------ The data ------

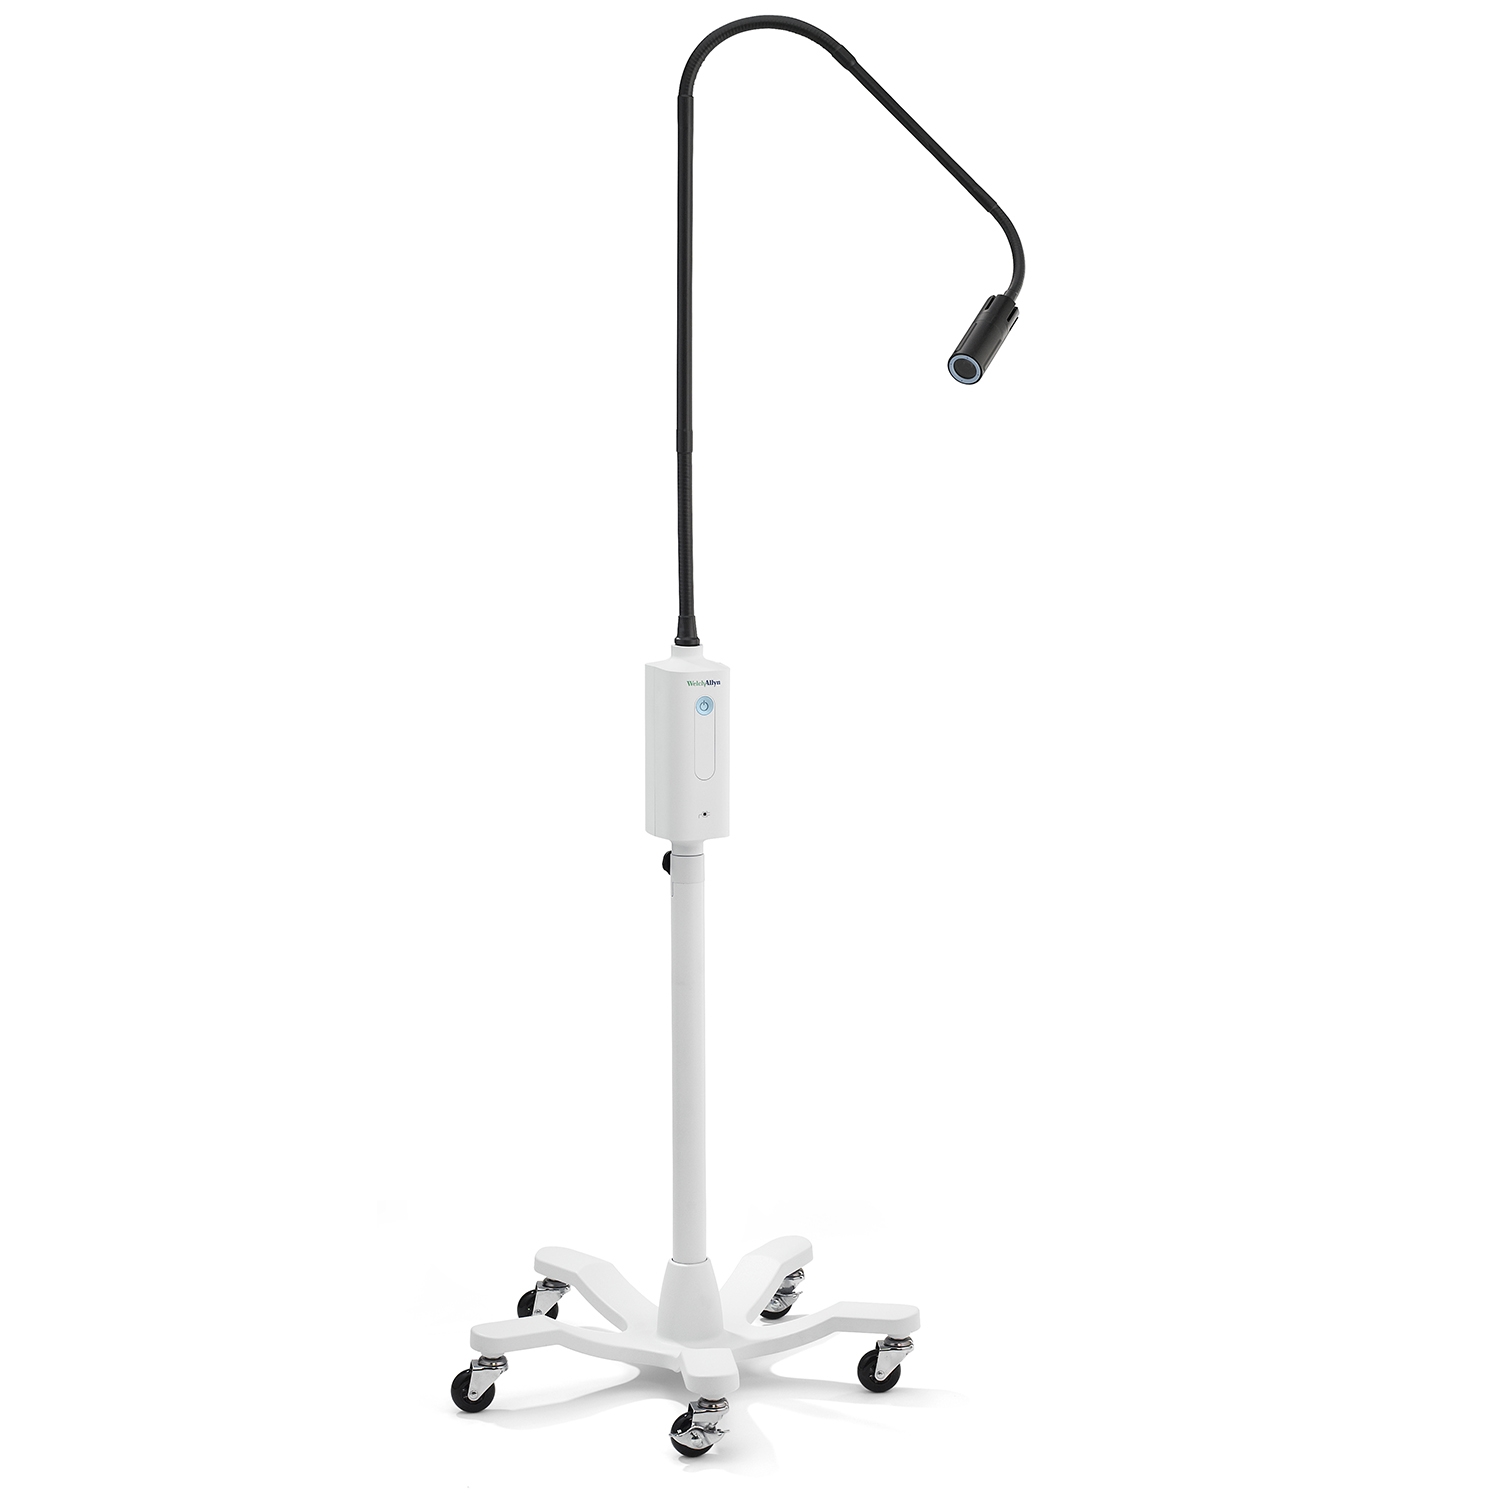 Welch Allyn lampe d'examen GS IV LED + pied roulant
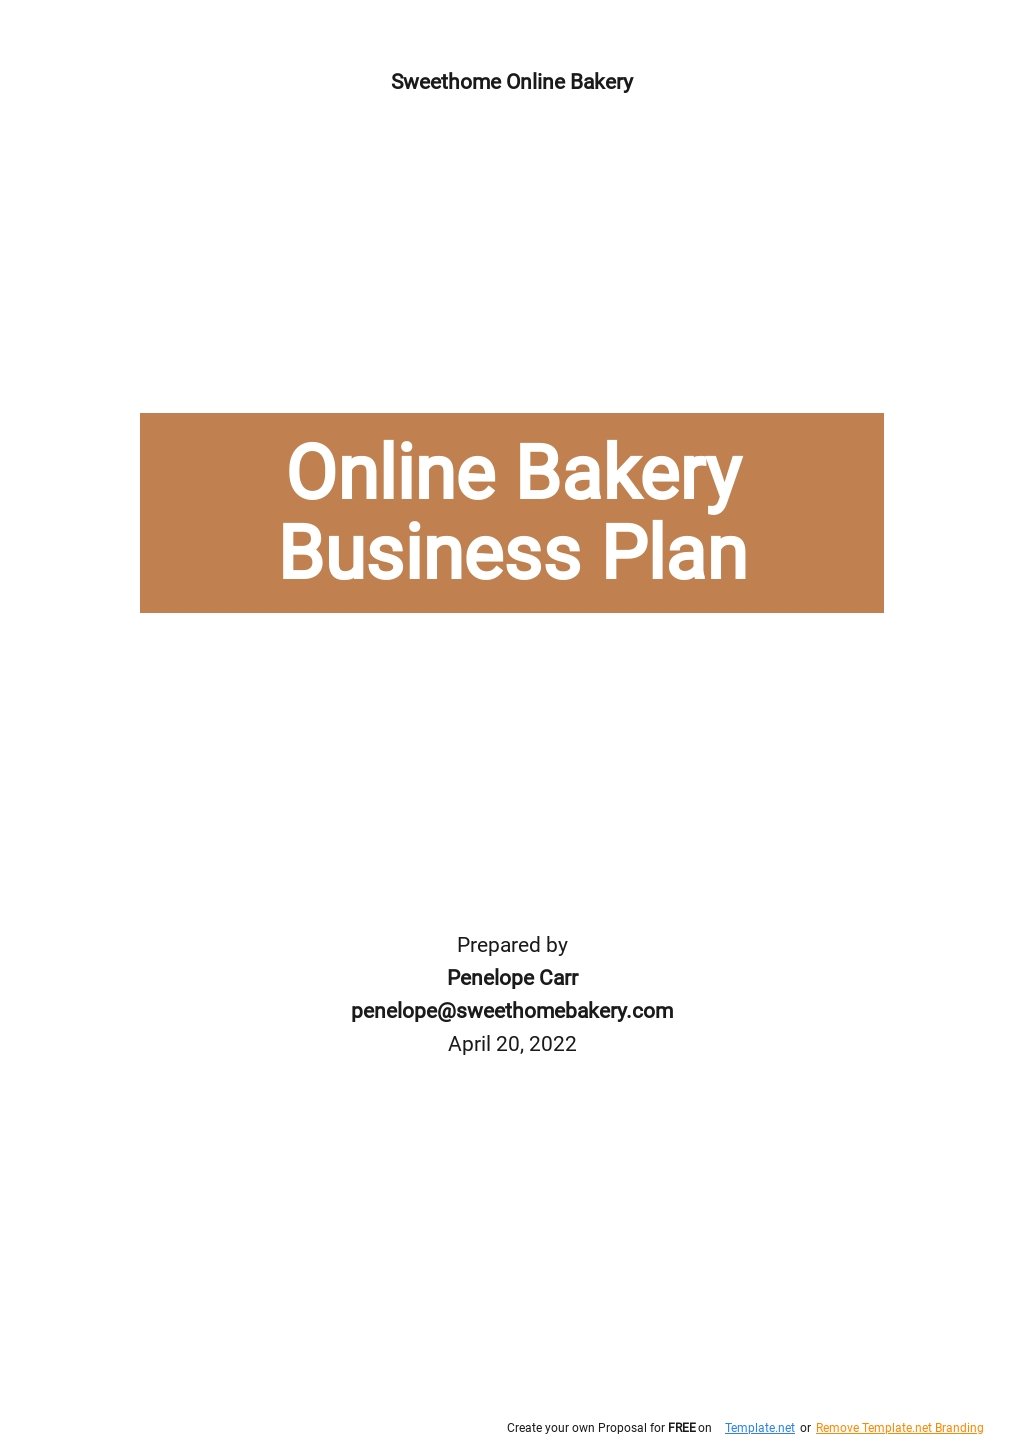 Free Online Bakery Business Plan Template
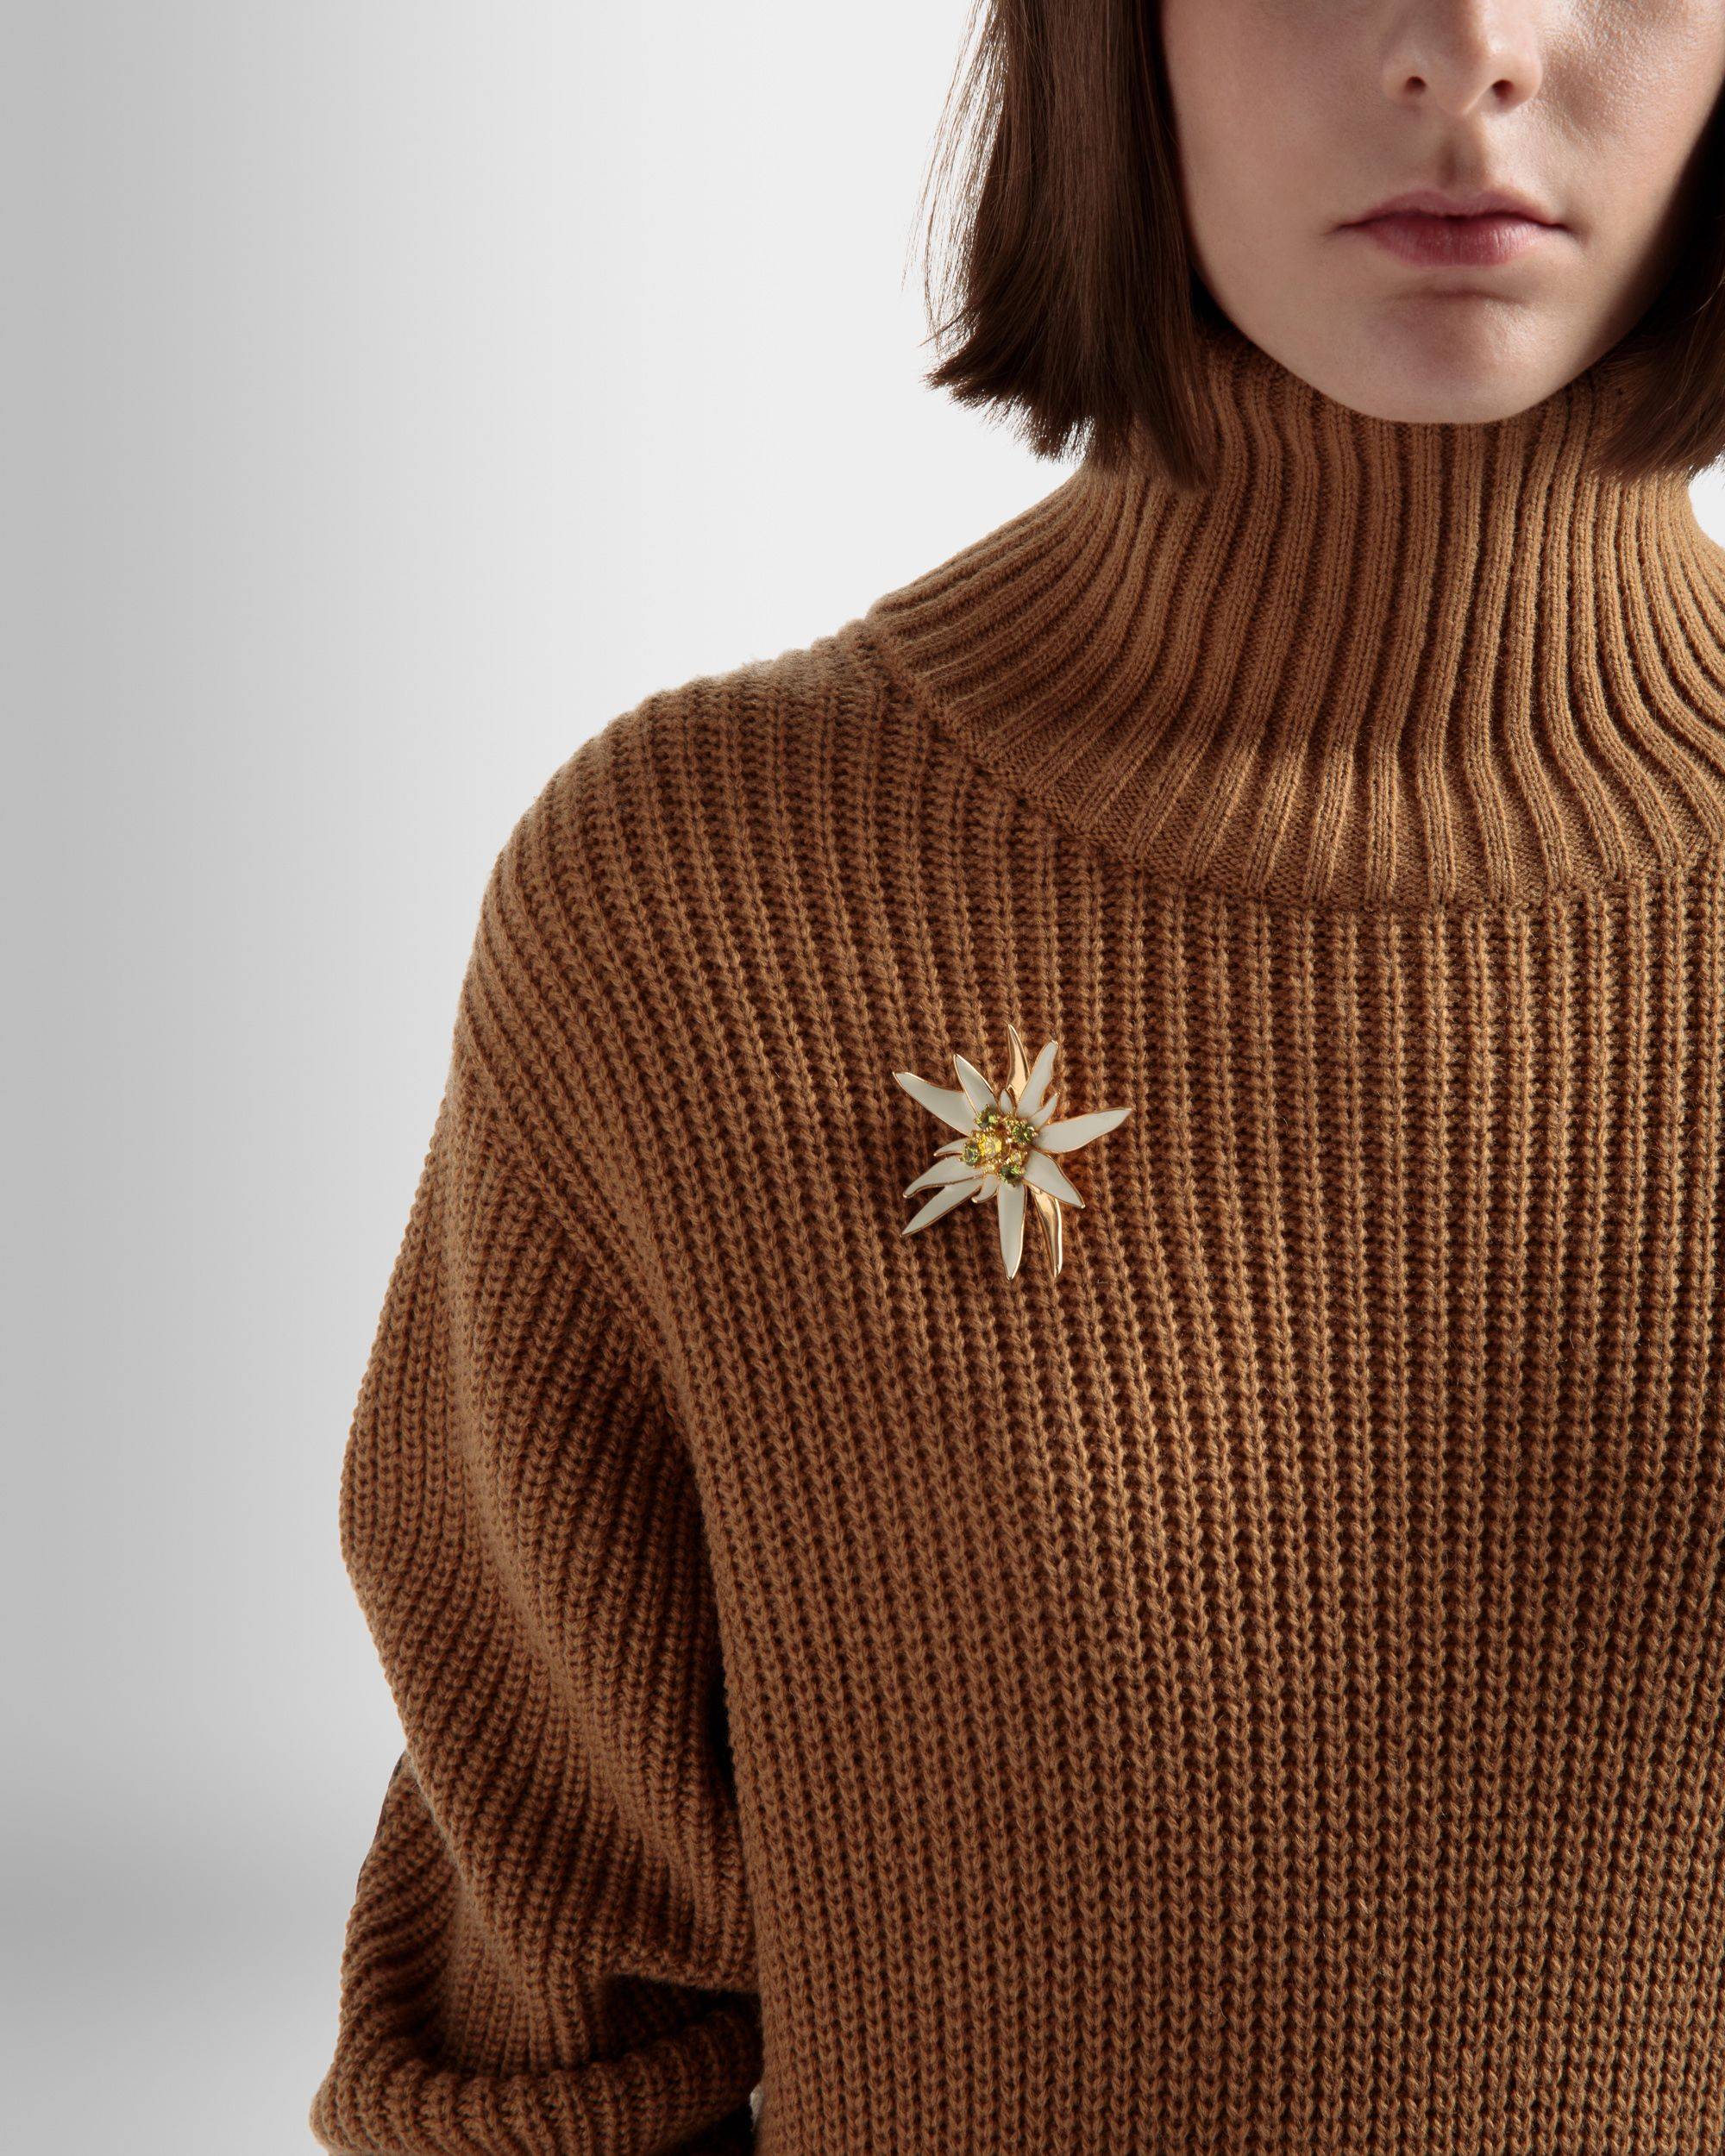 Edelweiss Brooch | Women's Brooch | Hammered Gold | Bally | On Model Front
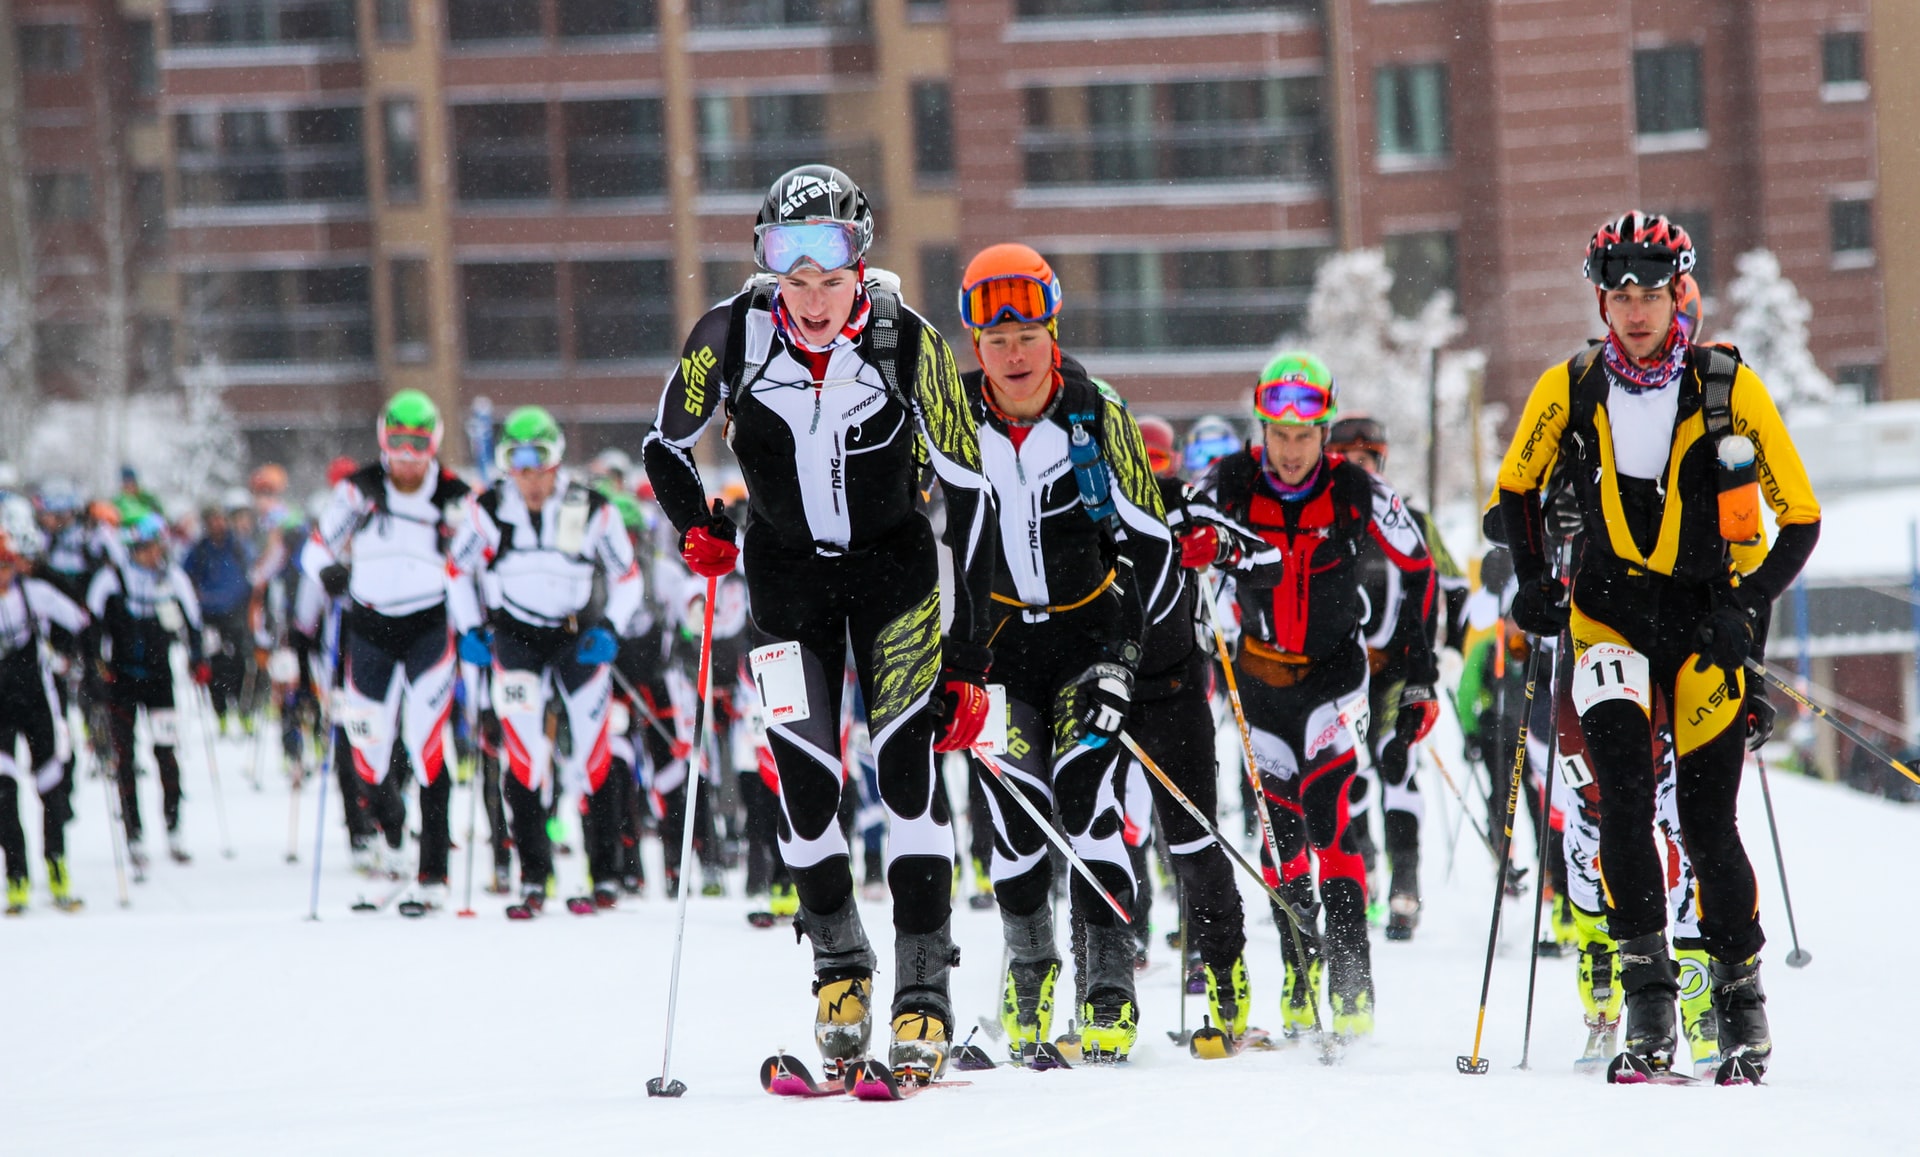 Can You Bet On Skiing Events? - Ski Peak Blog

------

Write every line of the data out again exactly, leaving out all images.

> [Worked solution]
 Welch Allyn lampe d'examen GS IV LED + pied roulant
 Free Online Bakery Business Plan Template
 Edelweiss Brooch | Women's Brooch | Hammered Gold | Bally | On Model Front
 Can You Bet On Skiing Events? - Ski Peak Blog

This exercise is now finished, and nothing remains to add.